=== Section Start ===

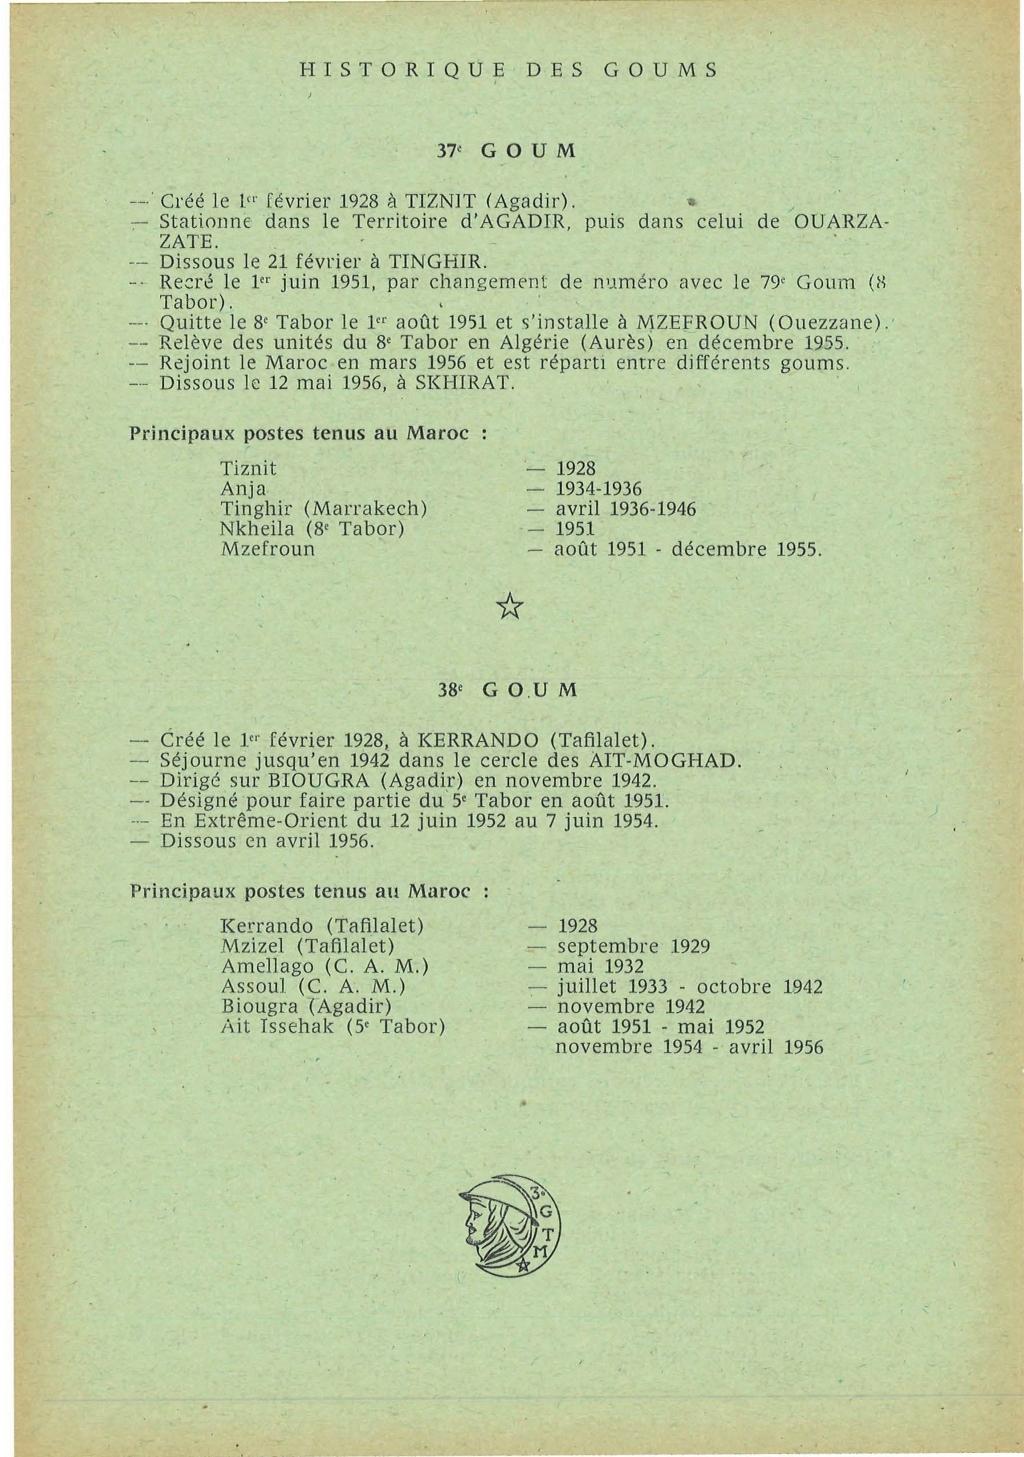 12 mai 1956 - Dissolution des Goumiers & integration aux FAR La_kou26
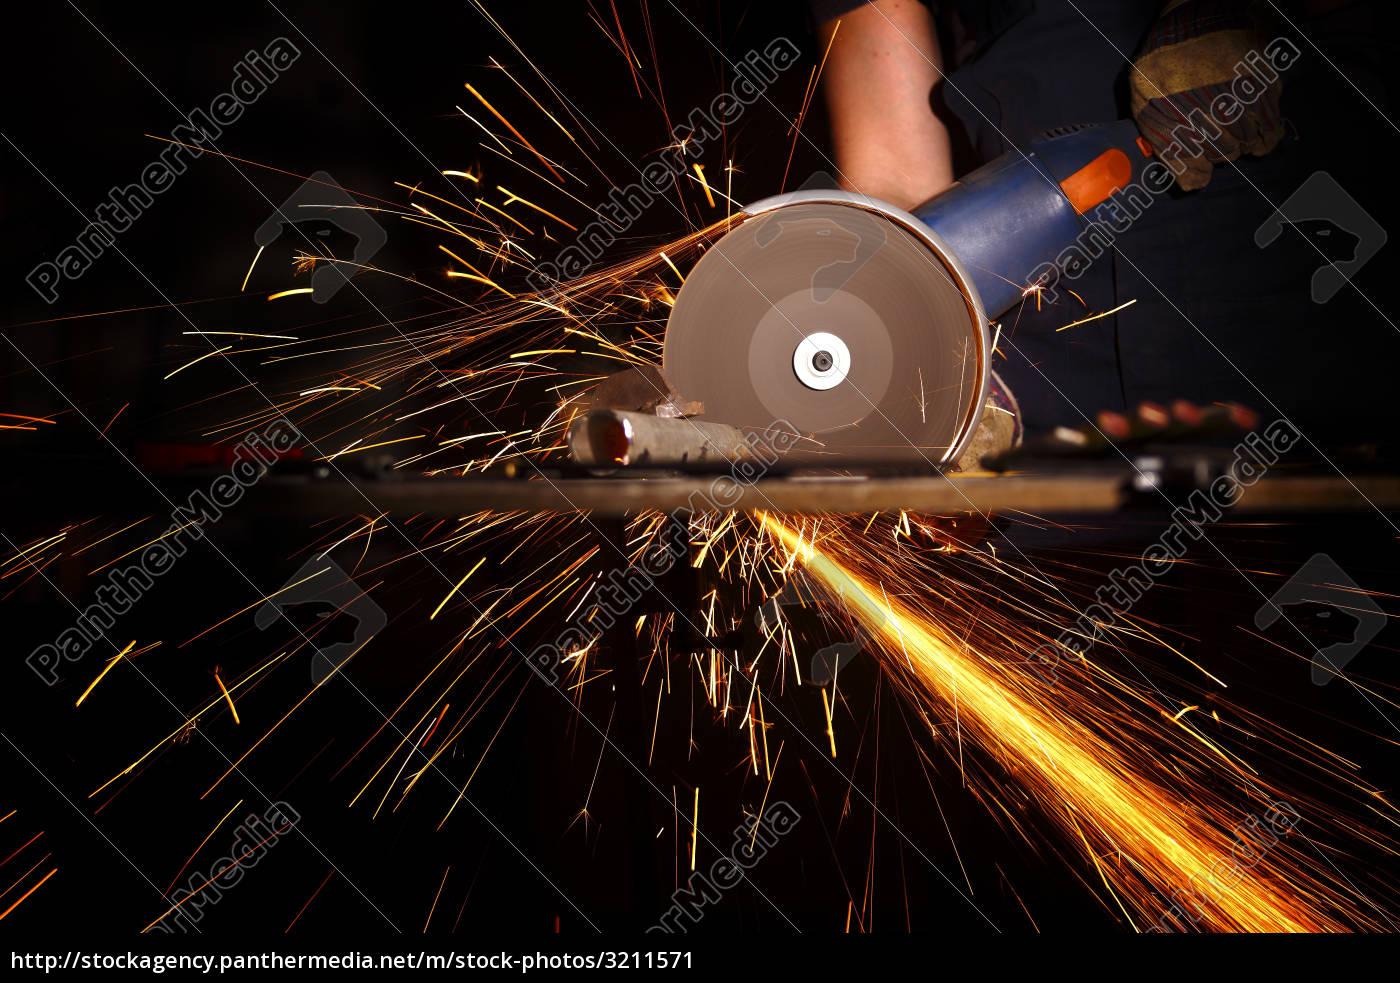 grinder, in, action - 3211571
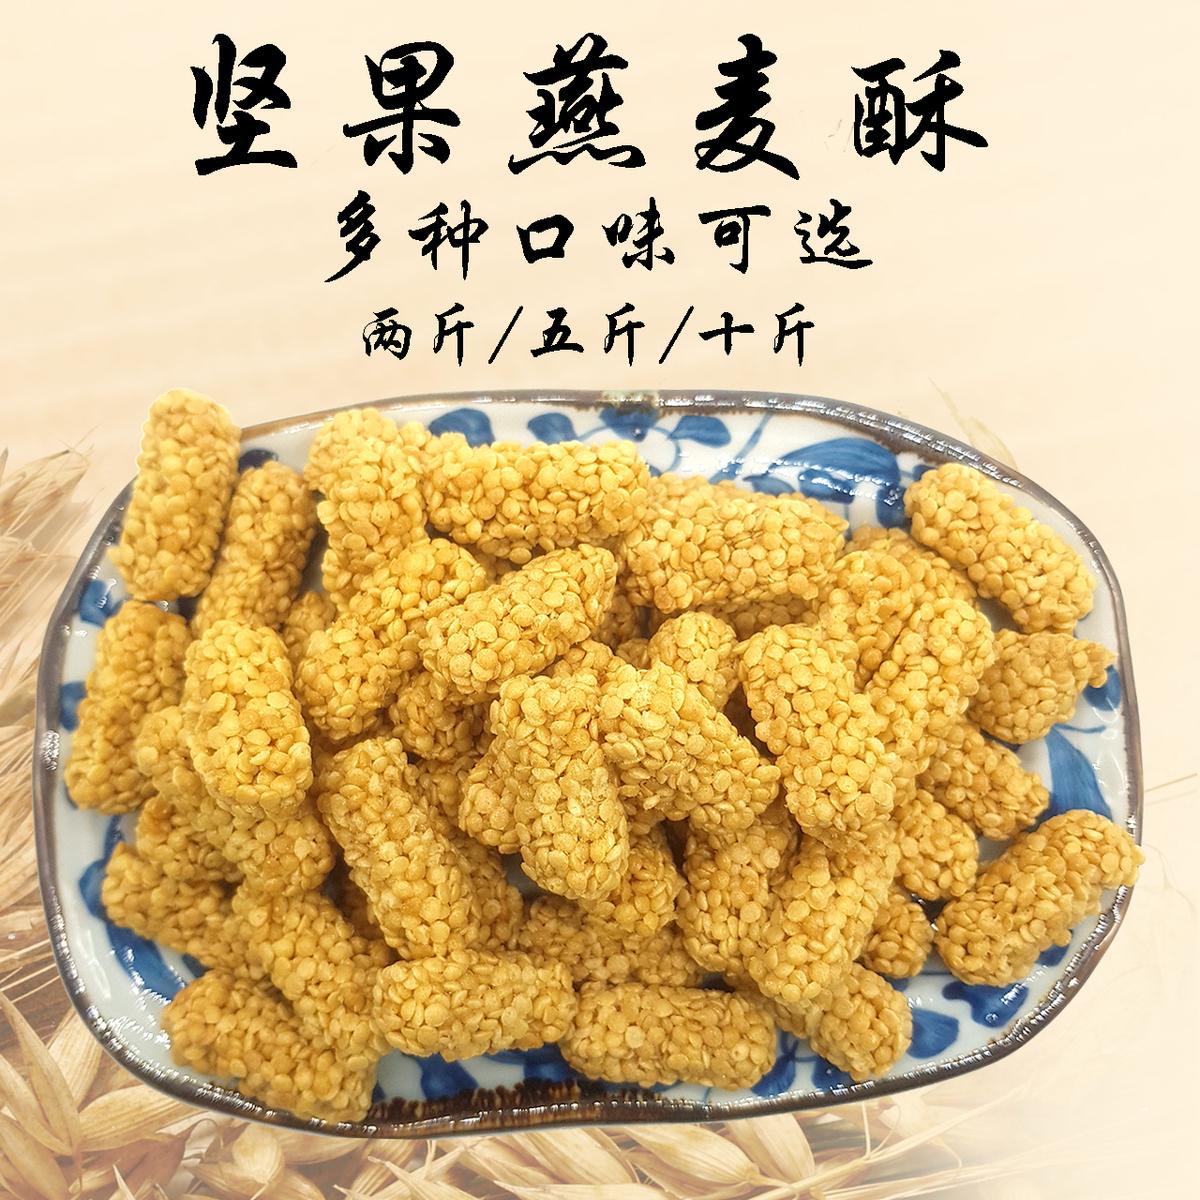 坚果燕麦酥五谷燕麦酥芝麻味散装粗粮酥10斤手工5斤摆地摊零食
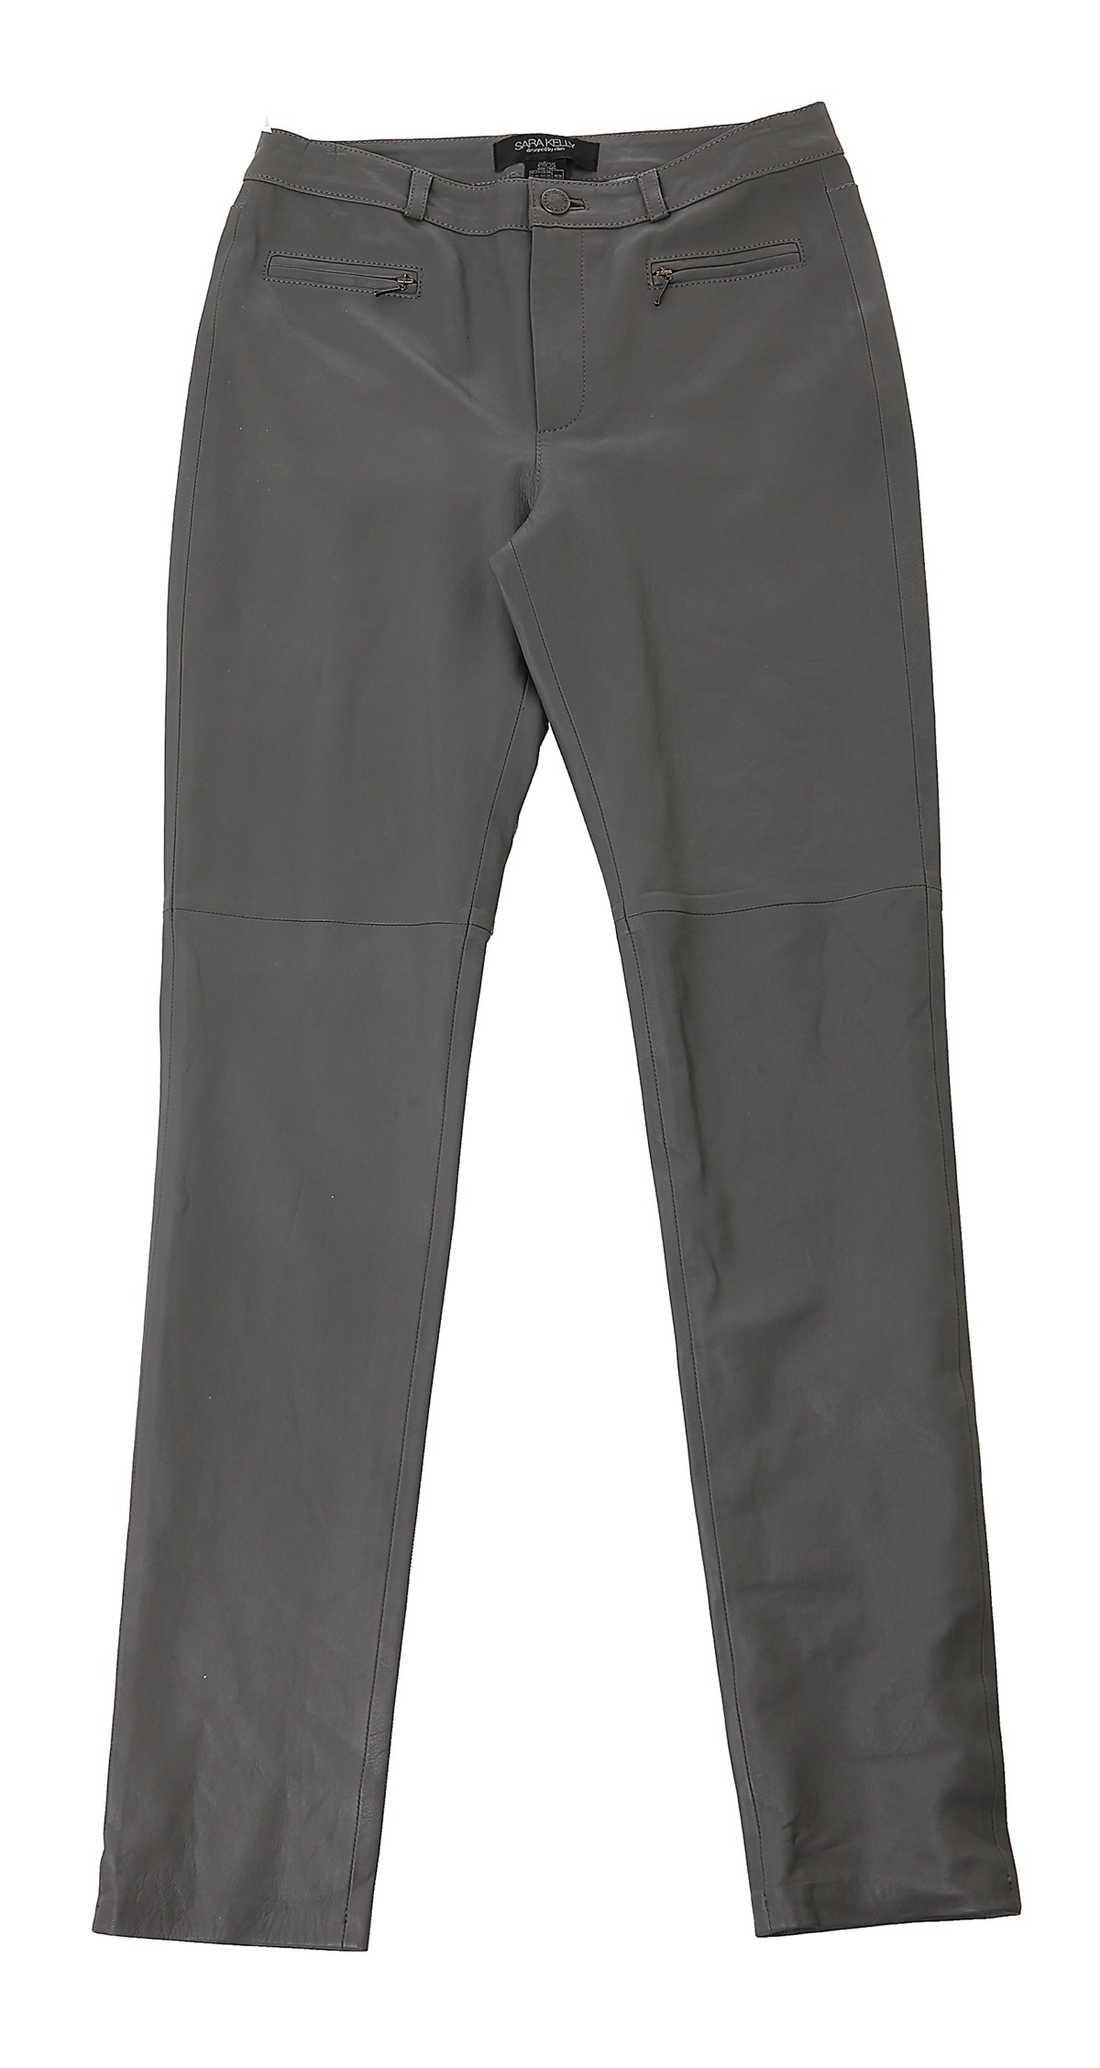 Färgat läder Ellos. 1 299 kr
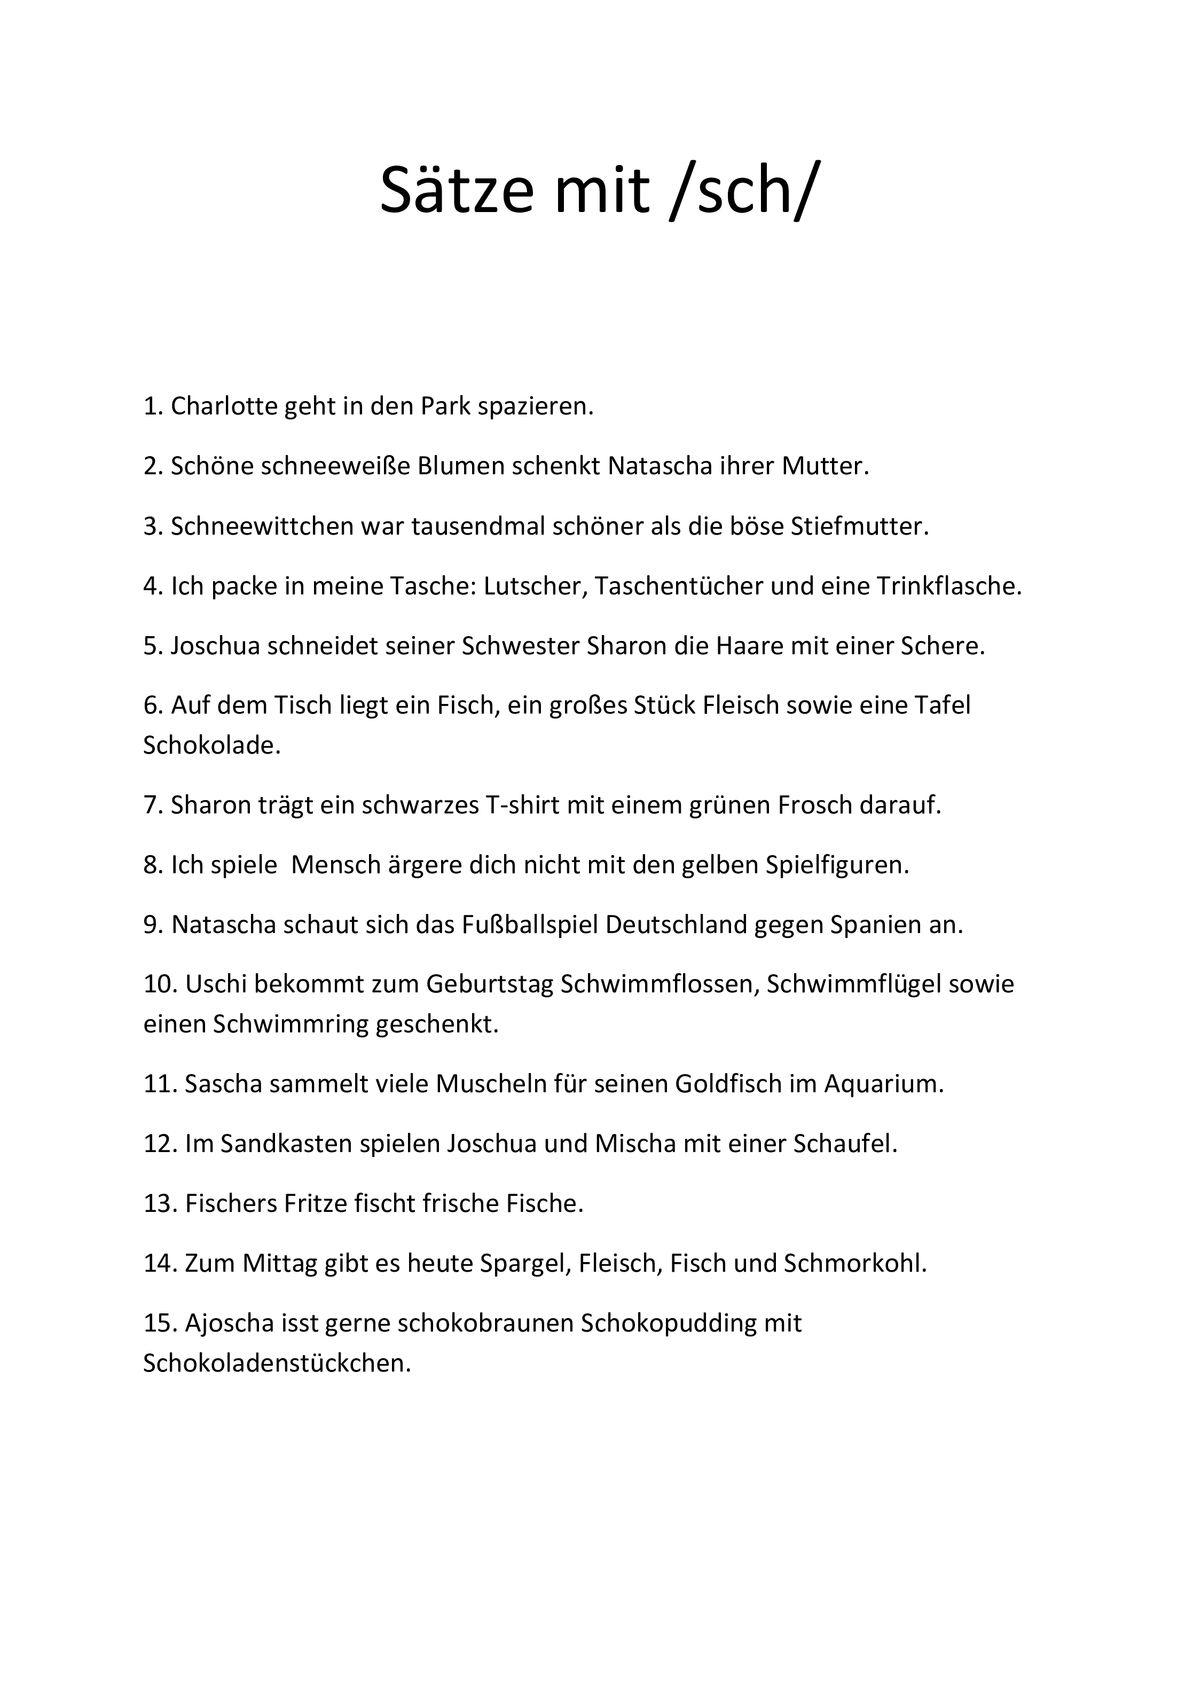 Sammlungen mit Schetismus-Sätze - Dyslalie - madoo.net

=== Section End ===

PROBLEM STATEMENT
Your copy should hold all the data word for word. It should hold no pictures.

OUTPUT OF THE EXERCISE
 12 mai 1956 - Dissolution des Goumiers & integration aux FAR La_kou26
 grinder, in, action - 3211571
 坚果燕麦酥五谷燕麦酥芝麻味散装粗粮酥10斤手工5斤摆地摊零食
 Färgat läder Ellos. 1 299 kr
 Sammlungen mit Schetismus-Sätze - Dyslalie - madoo.net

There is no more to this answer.